Here is my beef with the financial services industry, as well as pretty much every financial writer I have ever encountered:
They all make money too complicated and confusing.
The average person who is not passionate about personal finance knows they should save and invest.
But the information, instructions, and infrastructure (like brokerage accounts) in the money world are full of jargon and minutia you do not need to know in order to be financially secure — or even affluent.
Even very educated and professionally successful people get intimidated, bored, and don't save and invest like they should, because they feel stupid and intimidated.
I know 100% I have felt like this. Fidelity Investments, you have done well with my money for 20 years, but every time I want to buy or trade my hard-earned cash, I get so mad at how confusing and stupid your stupid website is.

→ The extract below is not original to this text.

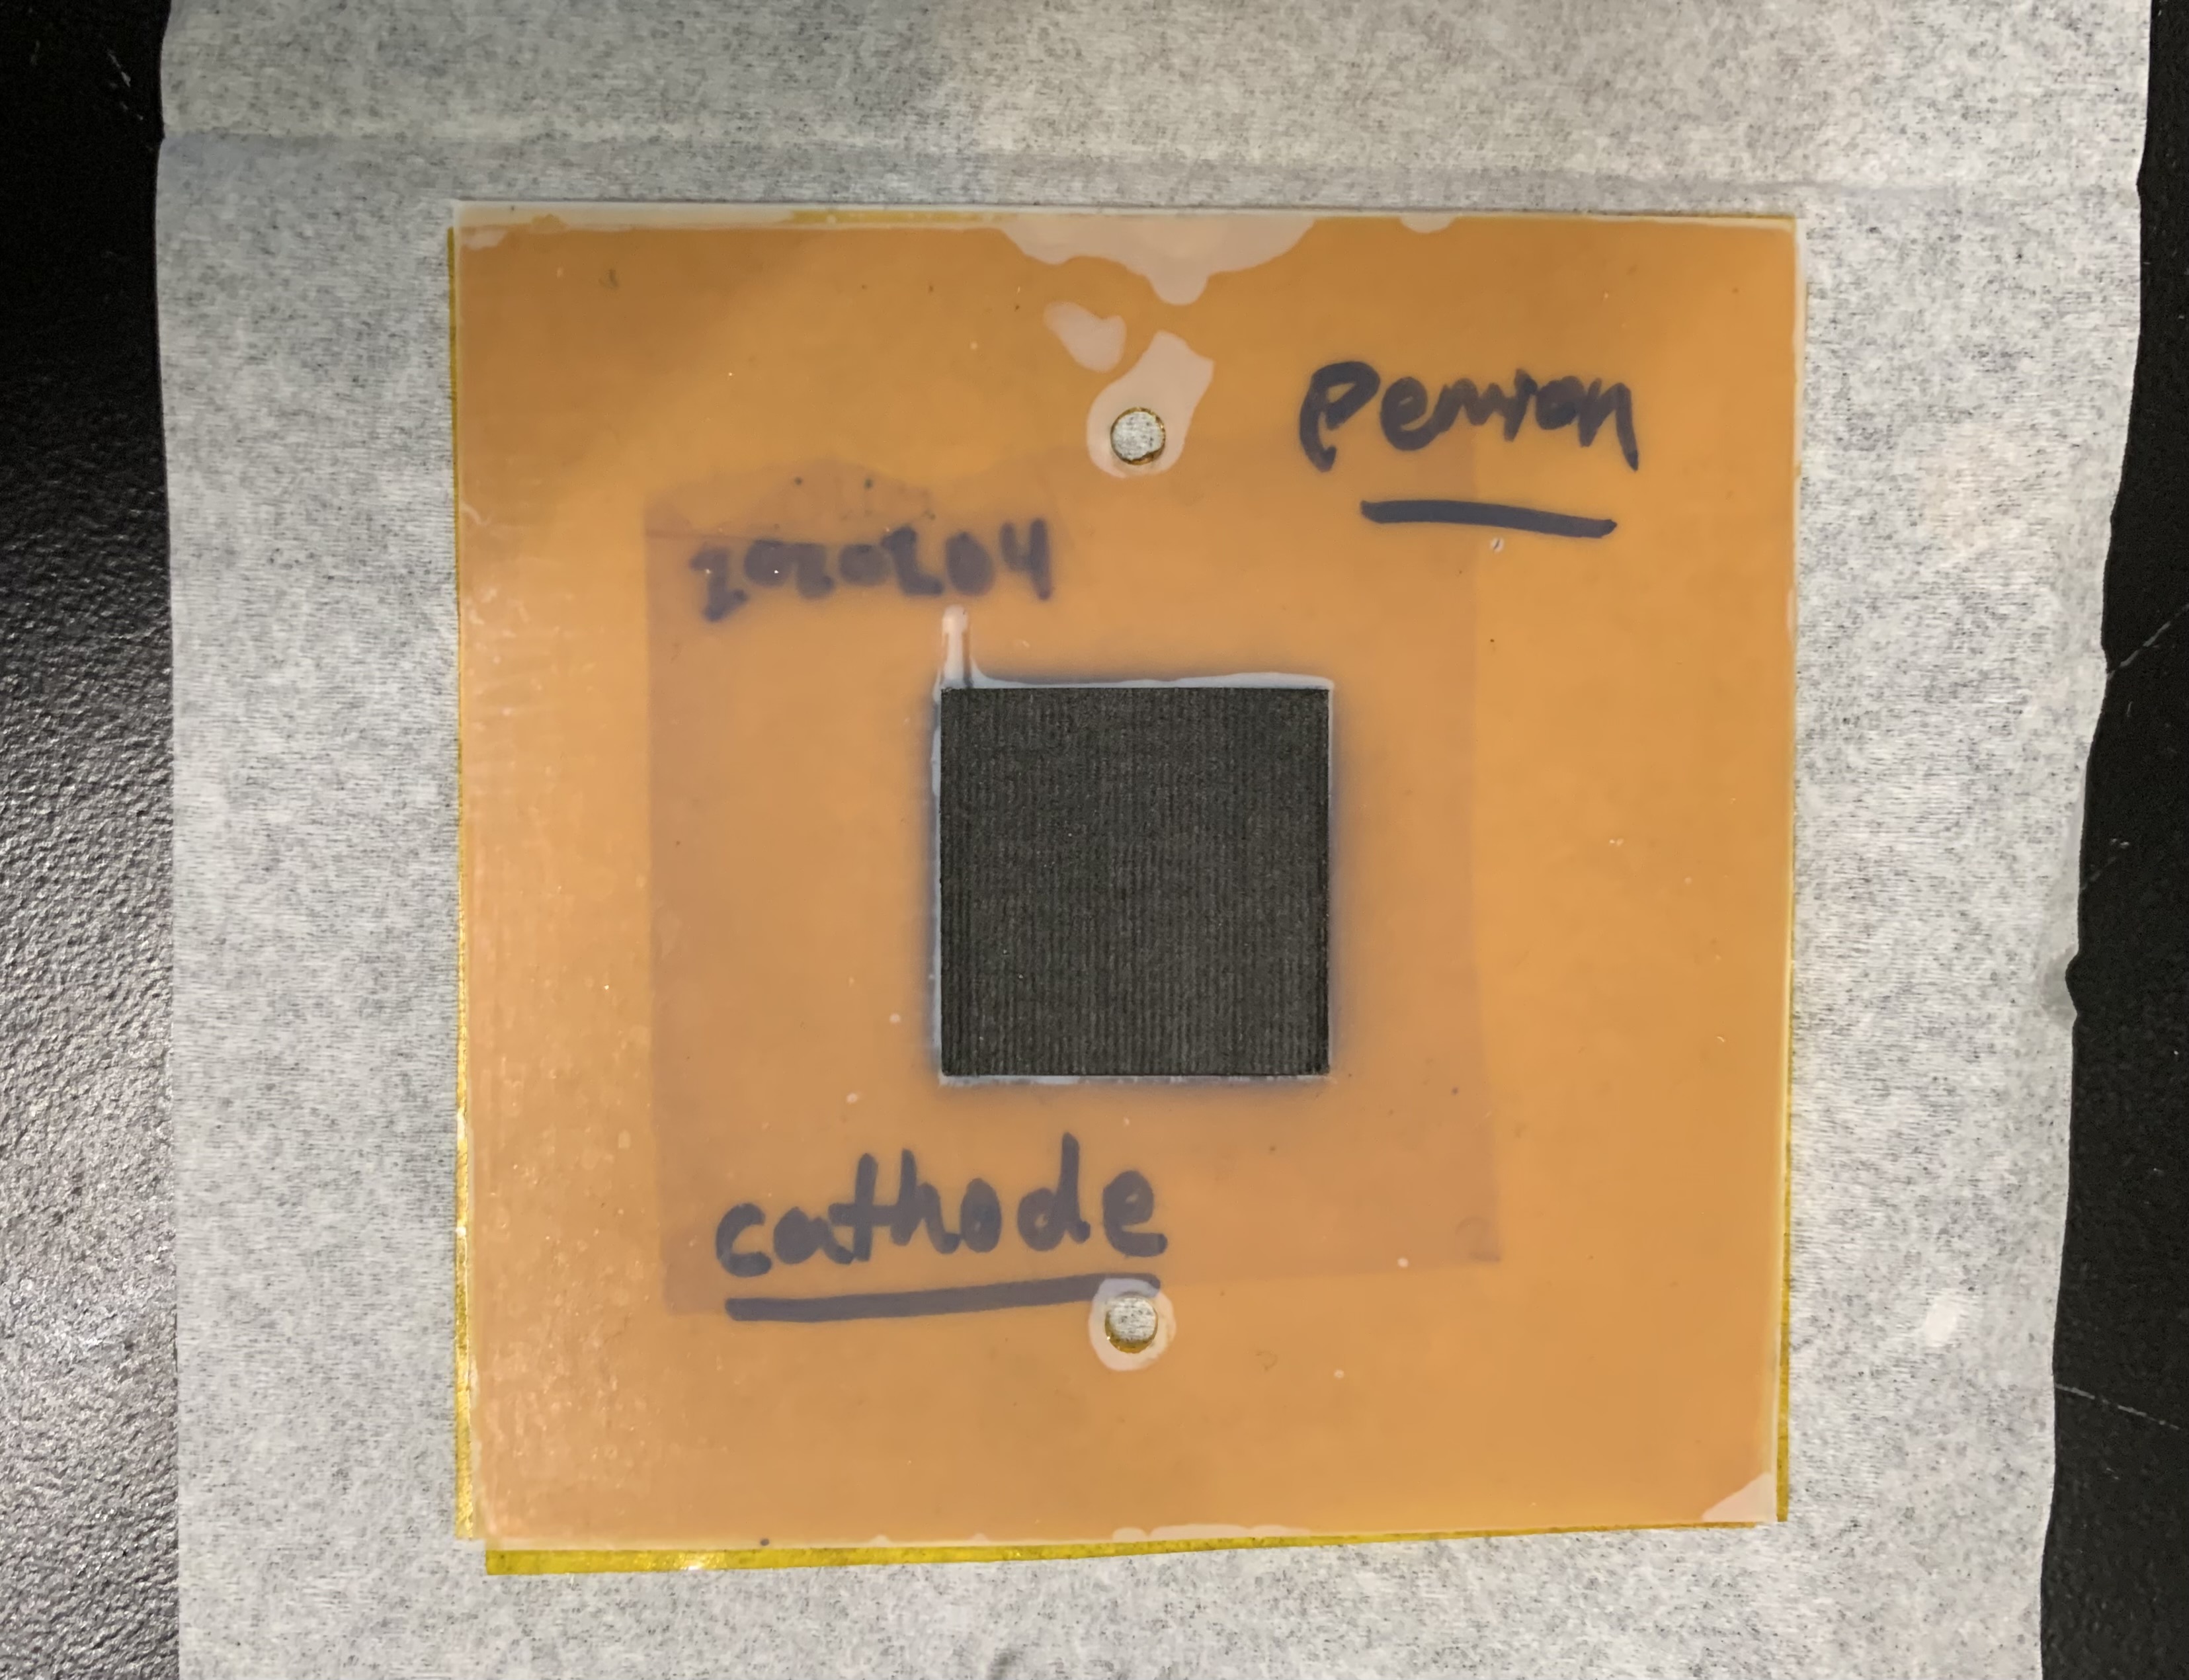 A 5 cm² Fuel Cell Membrane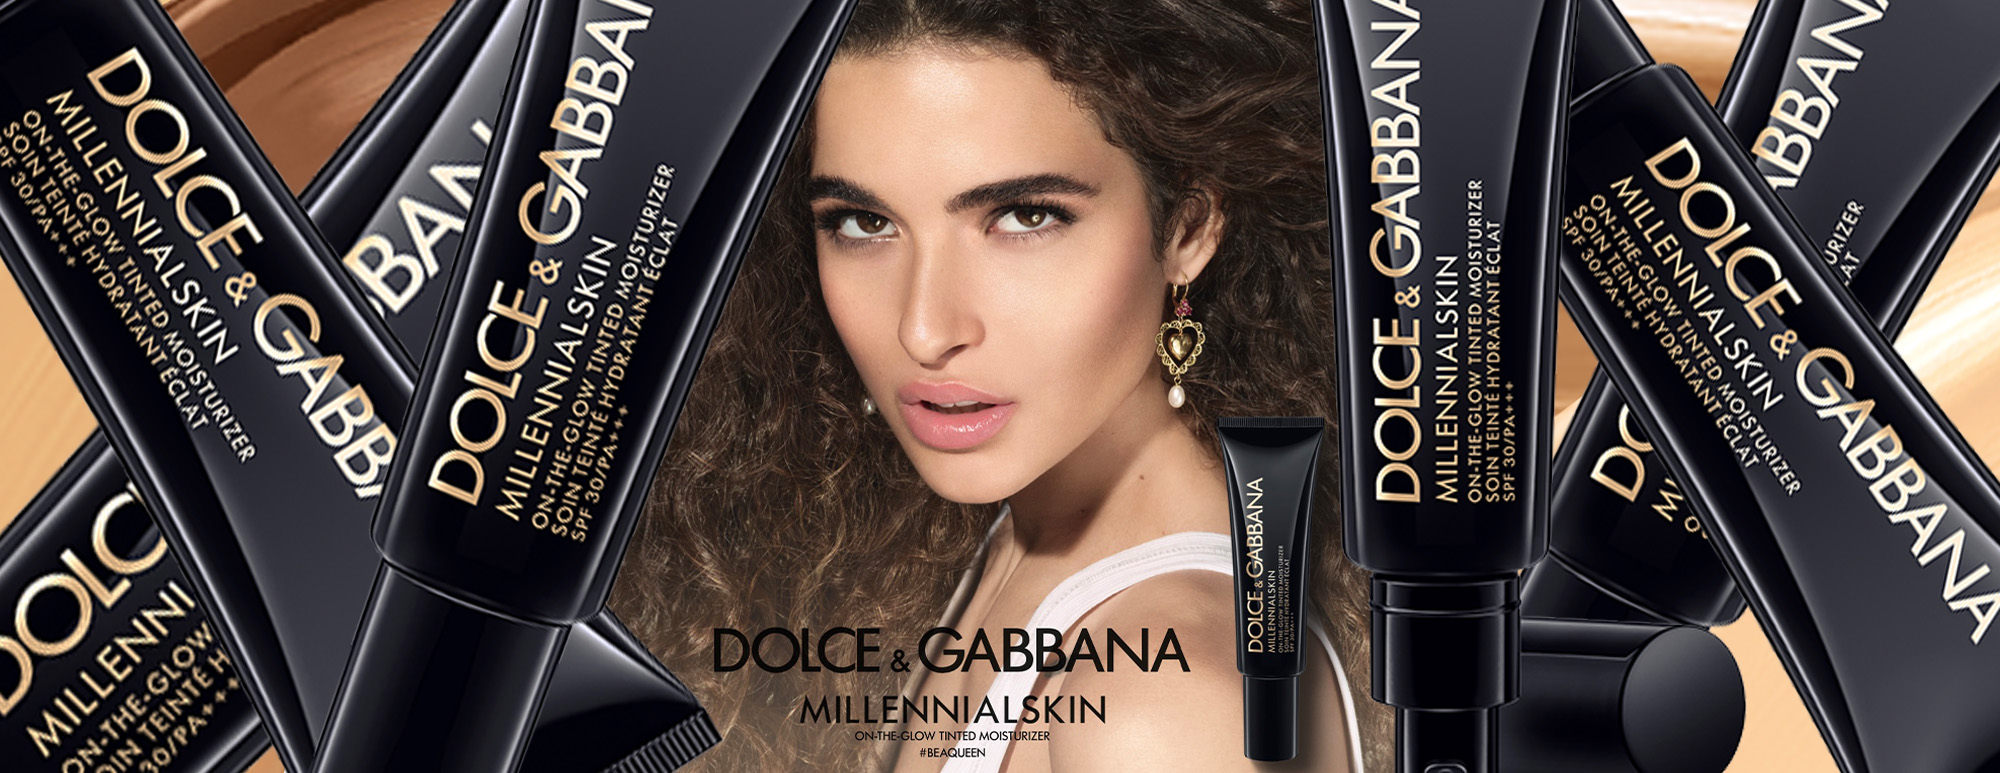 Dolce gabbana millennialskin. Dolce Gabbana Millennial Skin. Dolce Gabbana Millennialskin свотчи. Тон Dolce Gabbana Millenialskin свотчи.

This is one of the many reasons Americans overall save and invest far too little, and women, in particular, are way behind in this realm.
I am on a personal mission to help women get over their fears and hangups about investing, and finally close the wealth gap.
Read more: How to start investing — for women
Teaching kids about money at an early age
Part of this issue is teaching kids about money early. This includes teaching kids about the importance of a budget, saving, investing and giving, and cultivating feelings of confidence around money.
It also about making sure your children understand the mechanical parts of money. This can be hard if you are not so sure yourself.
Thankfully, there are incredible online tools that make financial education really simple.
My kids are 7 and 9 and I am proud of what they know about personal finance, that they are generous with their money, thoughtful about saving and understand that they don't buy crap at the dollar store just because they see some piece of plastic that catches their fancy.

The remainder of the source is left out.